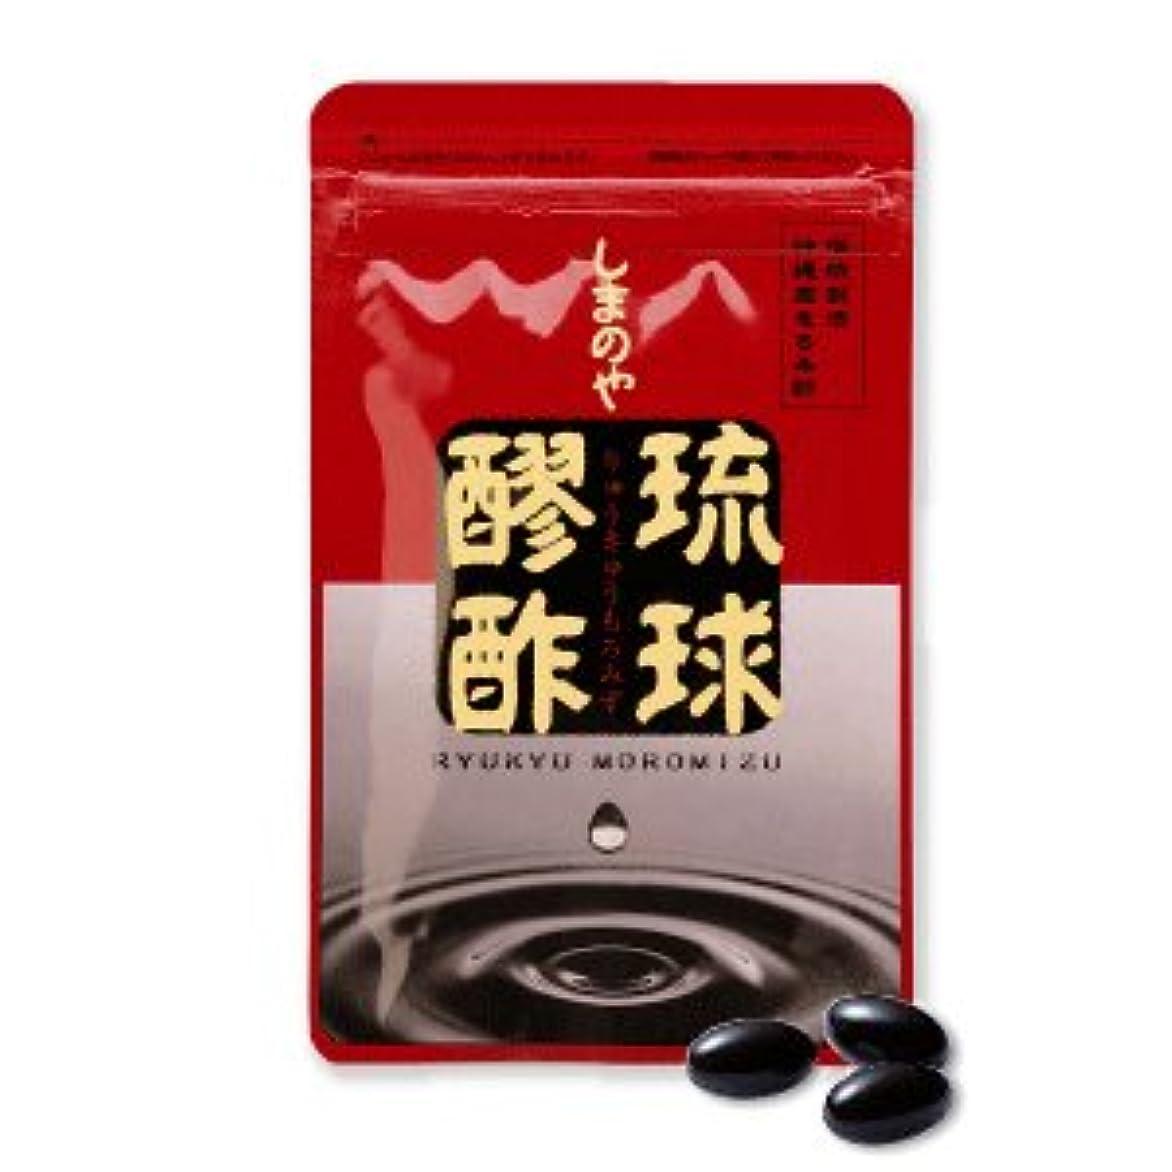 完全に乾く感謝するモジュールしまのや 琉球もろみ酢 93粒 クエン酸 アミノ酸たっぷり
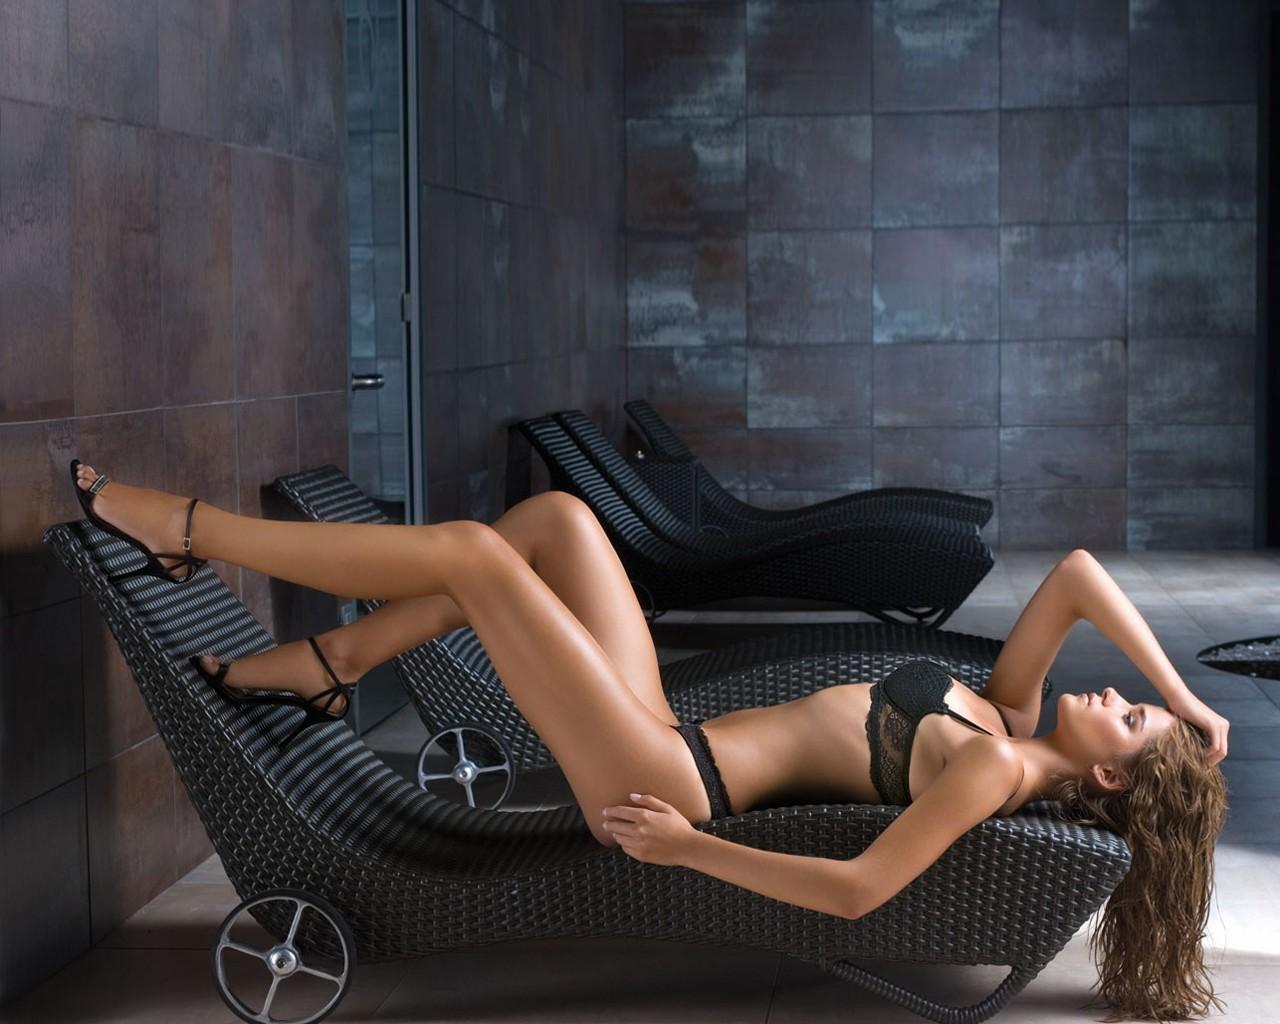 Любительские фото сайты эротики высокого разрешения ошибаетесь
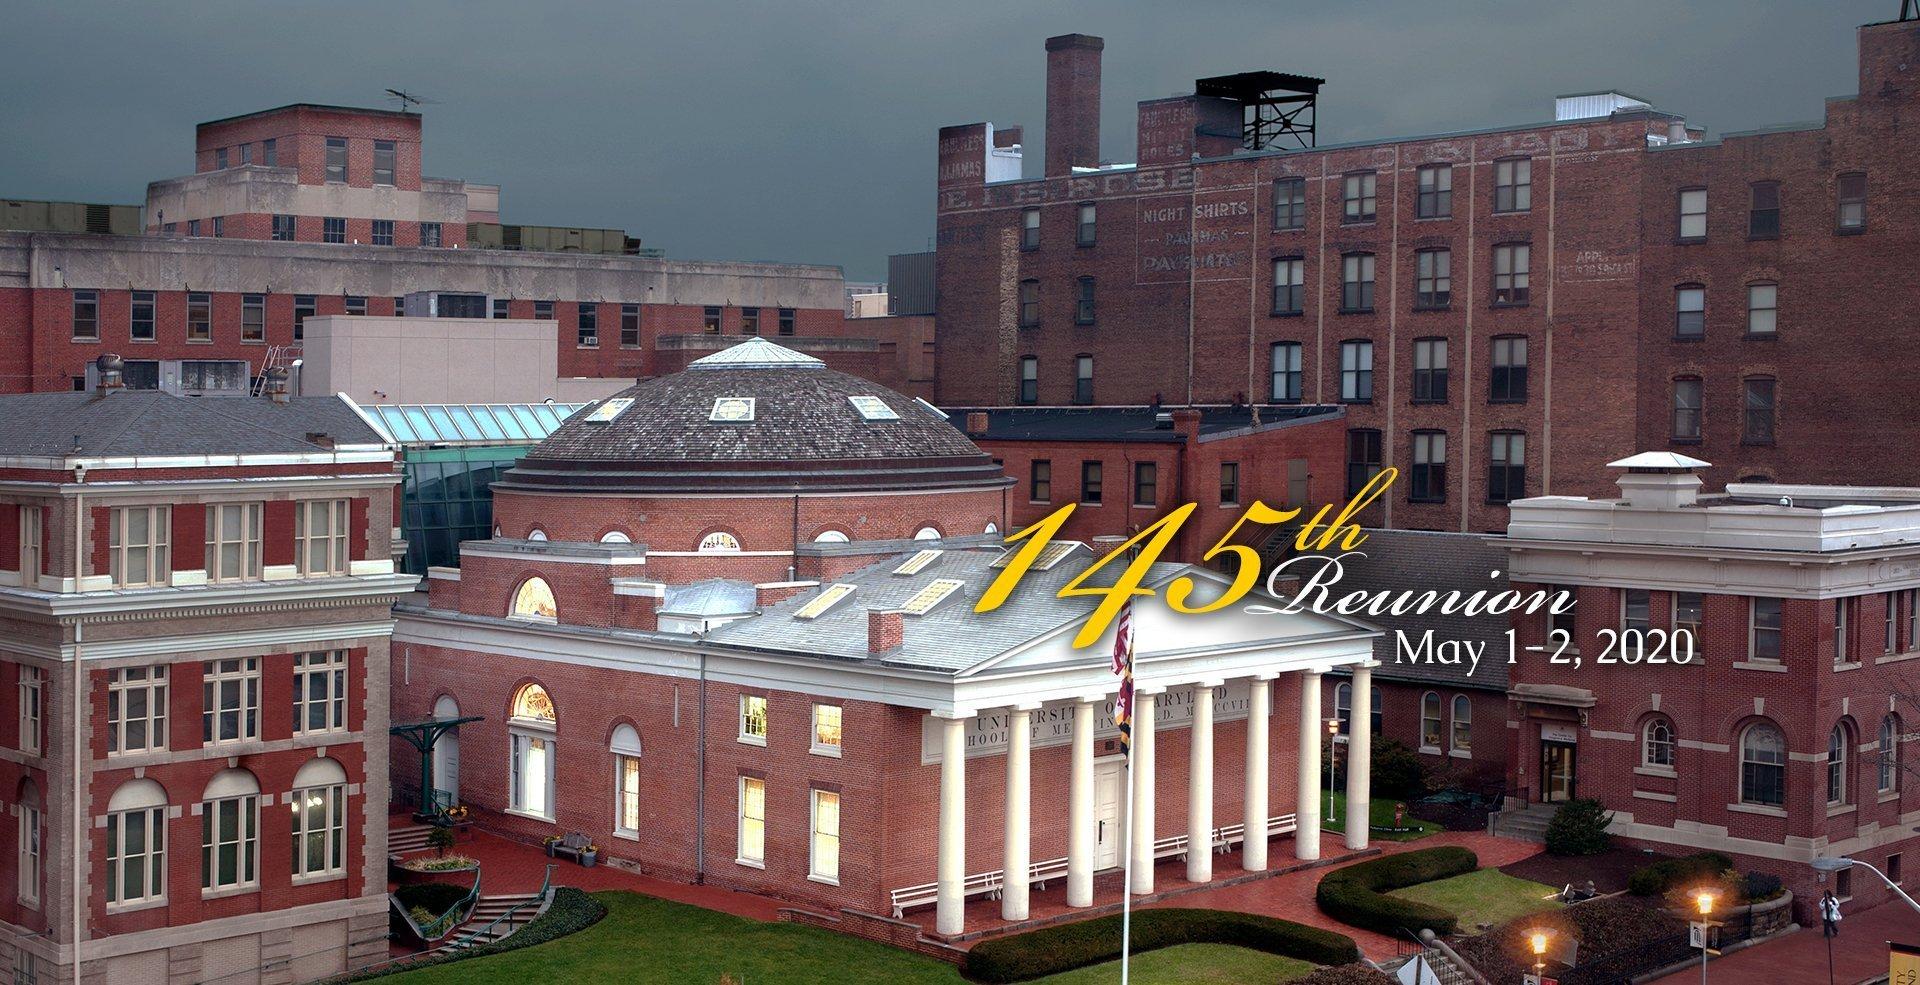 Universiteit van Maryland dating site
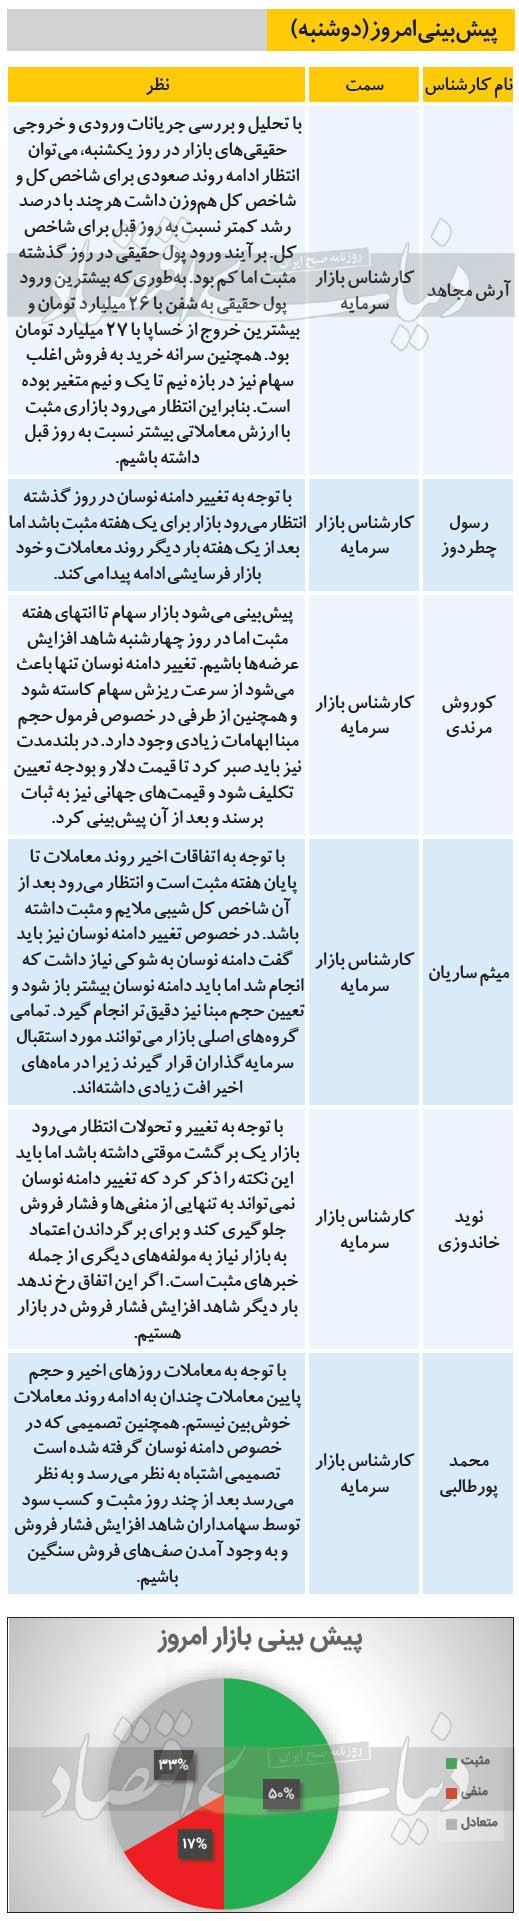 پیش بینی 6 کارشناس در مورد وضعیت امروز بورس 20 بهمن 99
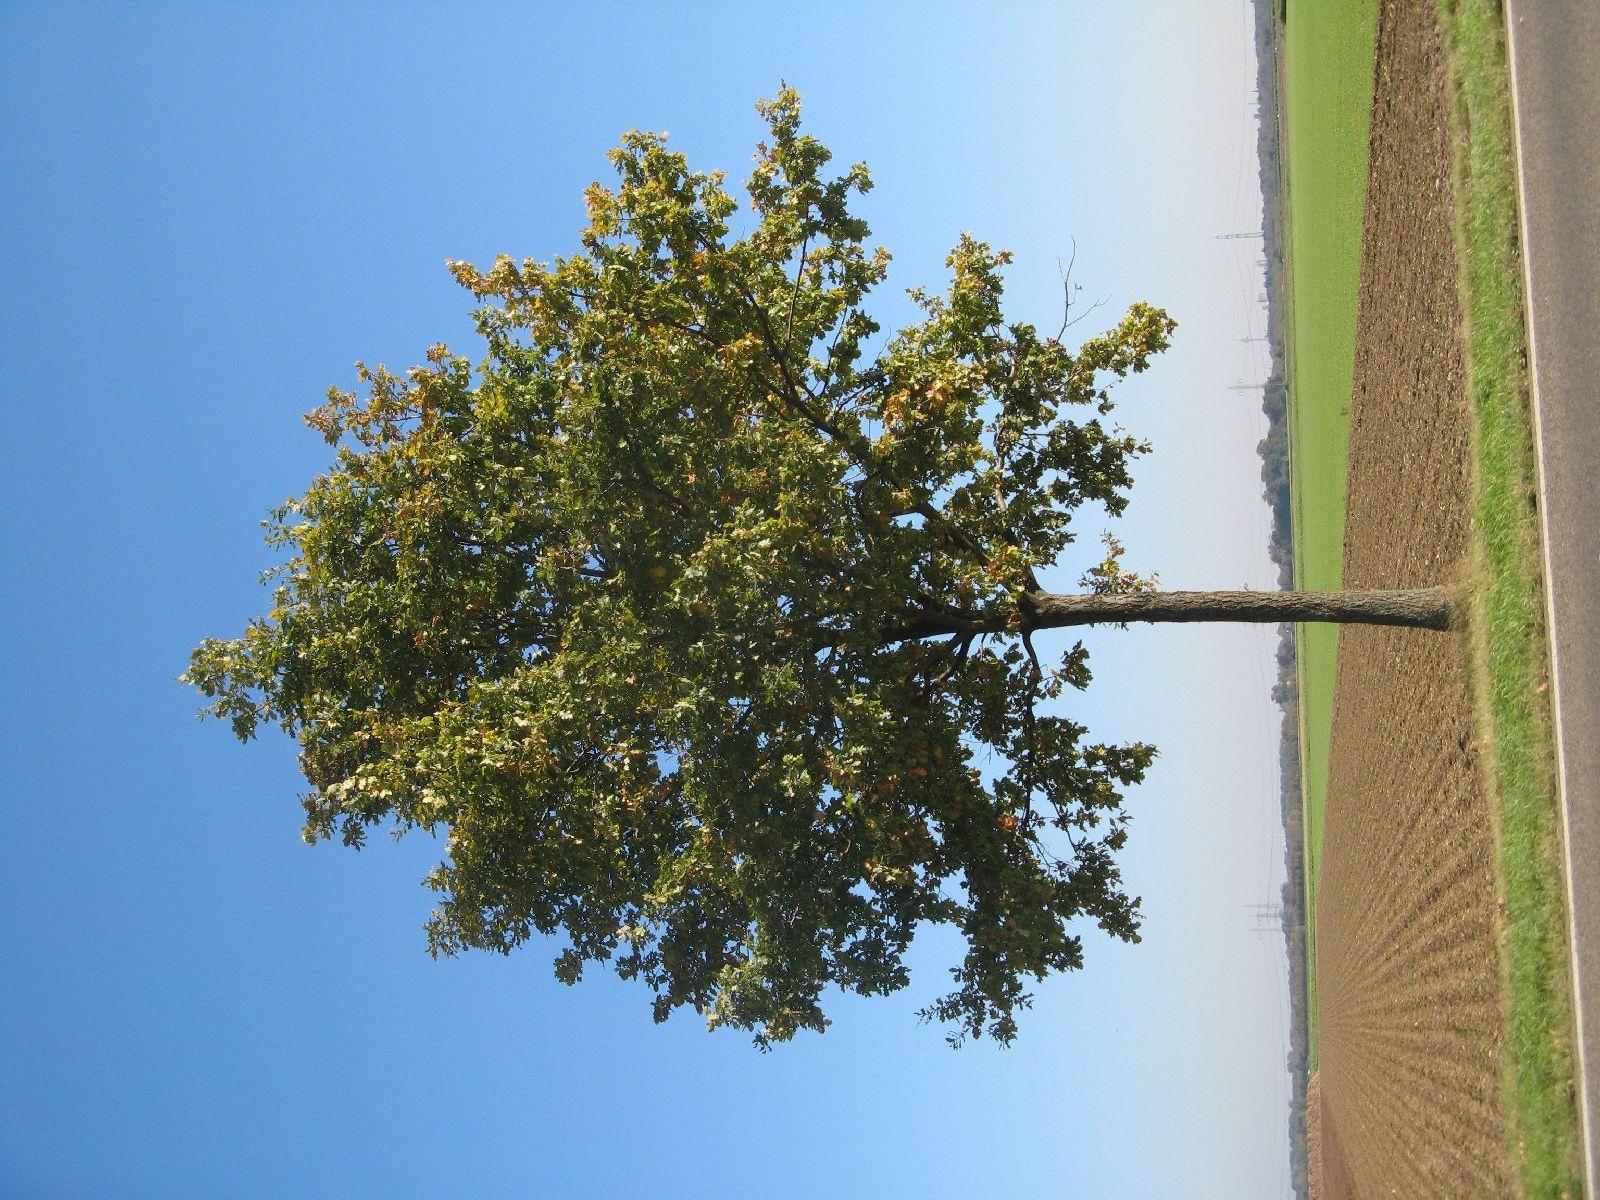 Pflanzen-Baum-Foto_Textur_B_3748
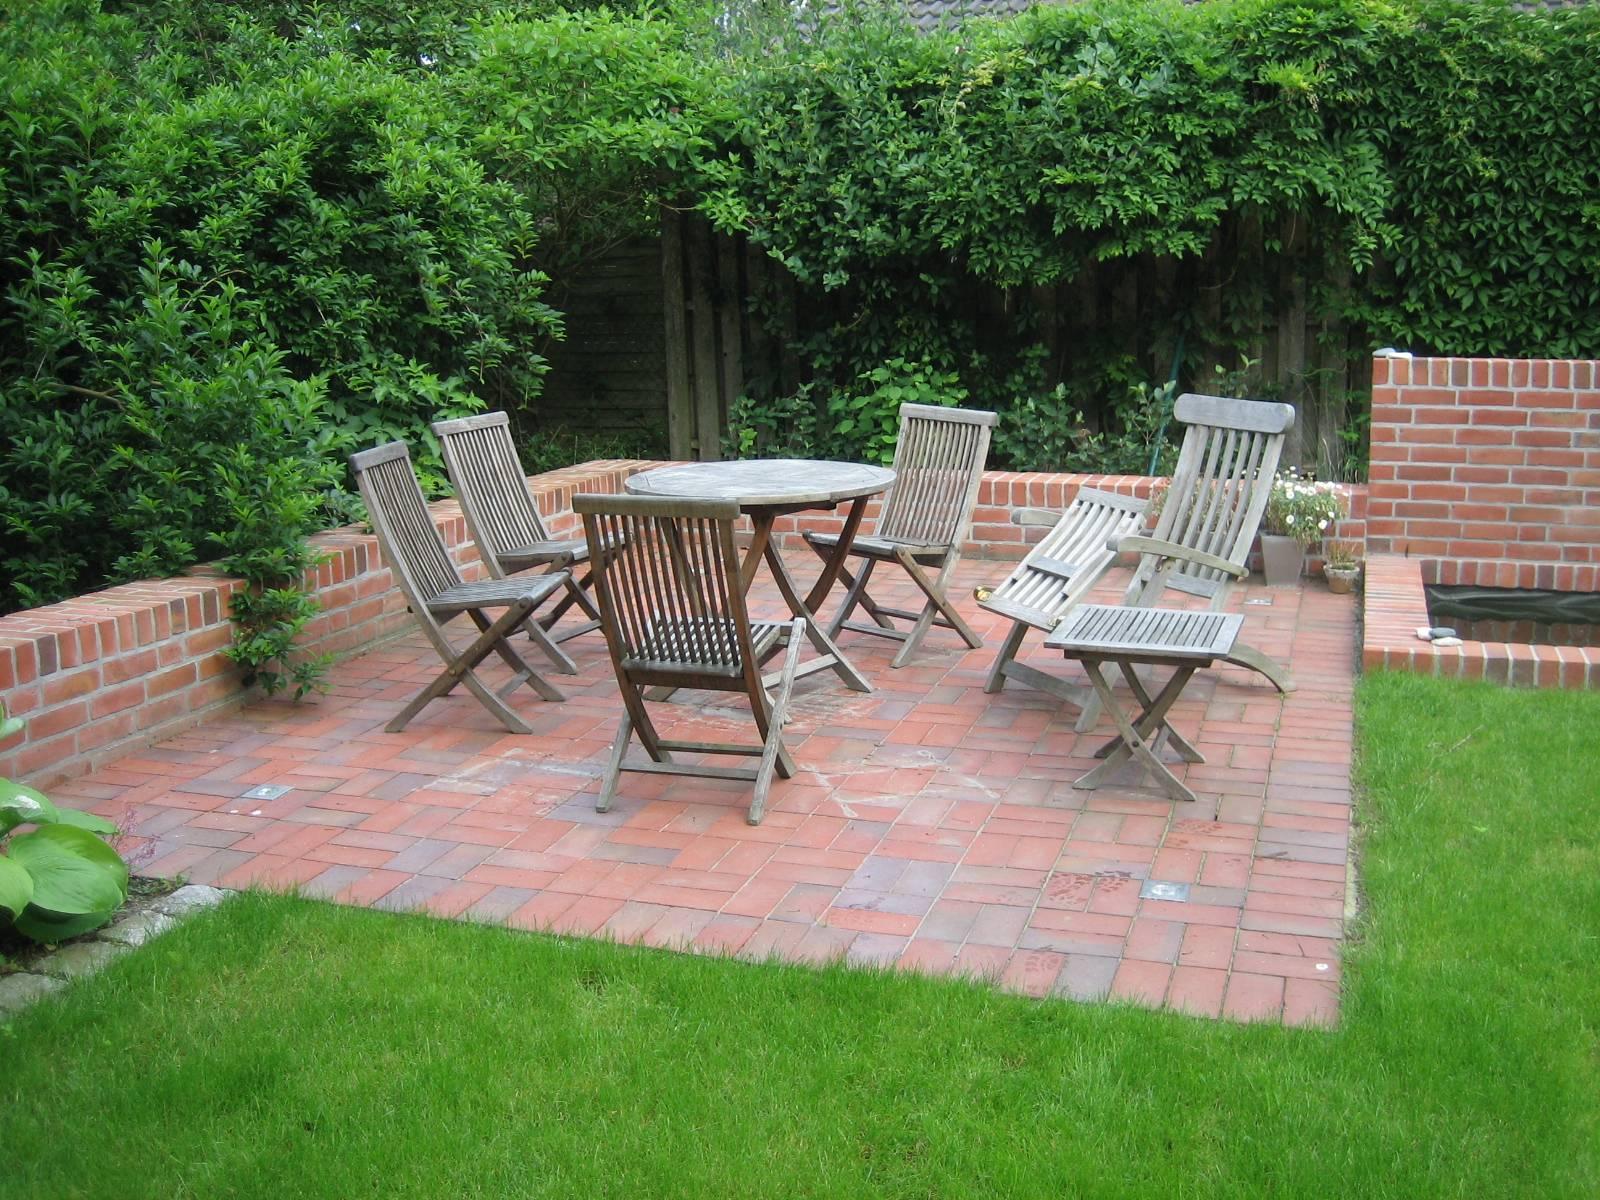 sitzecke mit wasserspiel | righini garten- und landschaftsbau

------------------------

__Exercise brief__.
Write every entry out again exactly, images omitted.

__Written reply__.
 完全に乾く感謝するモジュールしまのや 琉球もろみ酢 93粒 クエン酸 アミノ酸たっぷり
 Любительские фото сайты эротики высокого разрешения ошибаетесь
 Universiteit van Maryland dating site
 پیش بینی 6 کارشناس در مورد وضعیت امروز بورس 20 بهمن 99
 Pflanzen-Baum-Foto_Textur_B_3748
 sitzecke mit wasserspiel | righini garten- und landschaftsbau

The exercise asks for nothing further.